Two types of summarization

There are broadly two approaches to automatic text summarization: extractive and abstractive .

  • Extractive approaches select passages from the source text, then arrange them to form a summary. You might think of these approaches as like a highlighter.

  • Abstractive approaches use natural language generation techniques to write novel sentences. By the same analogy, these approaches are like a pen.

The great majority of existing approaches to automatic summarization are extractive – mostly because it is much easier to select text than it is to generate text from scratch. For example, if your extractive approach involves selecting and rearranging whole sentences from the source text, you are guaranteed to produce a summary that is grammatical, fairly readable, and related to the source text. These systems (several are available online ) can be reasonably successful when applied to mid-length factual text such as news articles and technical documents.
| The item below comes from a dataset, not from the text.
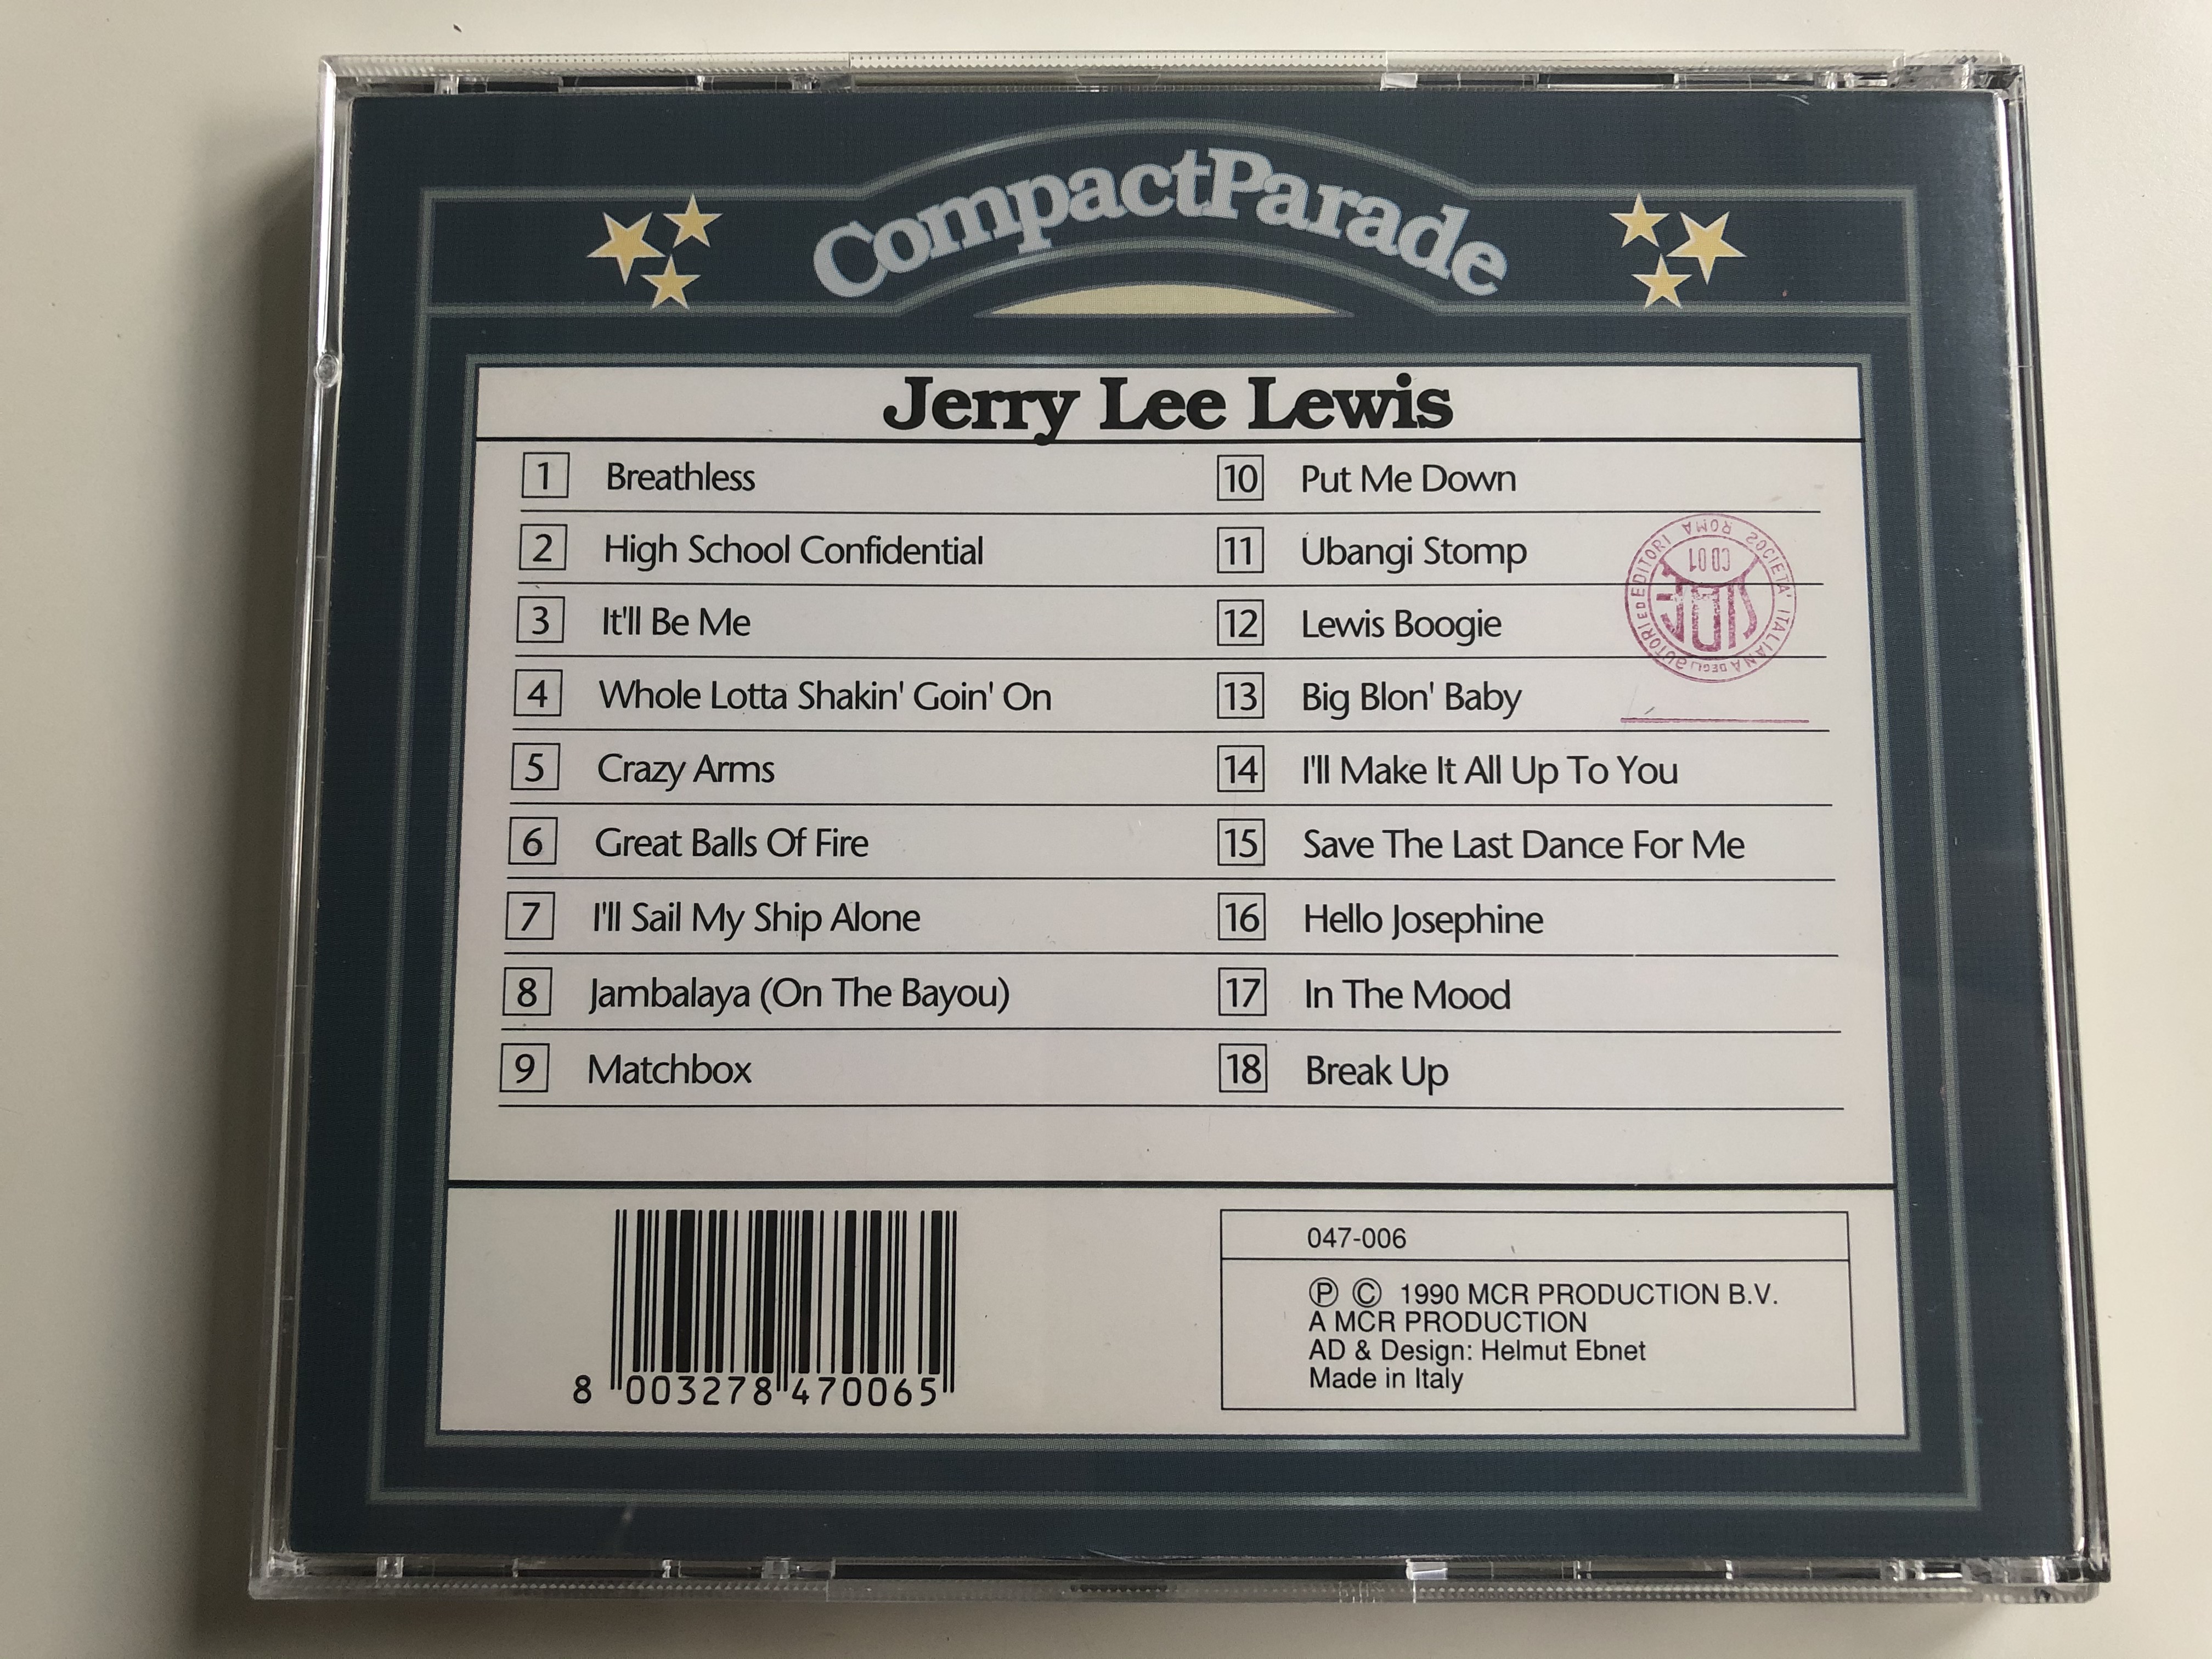 compact-parade-jerry-lee-lewis-m.c.r.-productions-b.v.-audio-cd-1990-047-006-4-.jpg

On the other hand, the extractive approach is too restrictive to produce human-like summaries – especially of longer, more complex text. Imagine trying to write a Wikipedia-style plot synopsis of a novel – say, Great Expectations – solely by selecting and rearranging sentences from the book. This would be impossible. For one thing, Great Expectations is written in the first person whereas a synopsis should be in the third person. More importantly, condensing whole chapters of action down to a sentence like Pip visits Miss Havisham and falls in love with her adopted daughter Estella requires powerful paraphrasing that is possible only in an abstractive framework.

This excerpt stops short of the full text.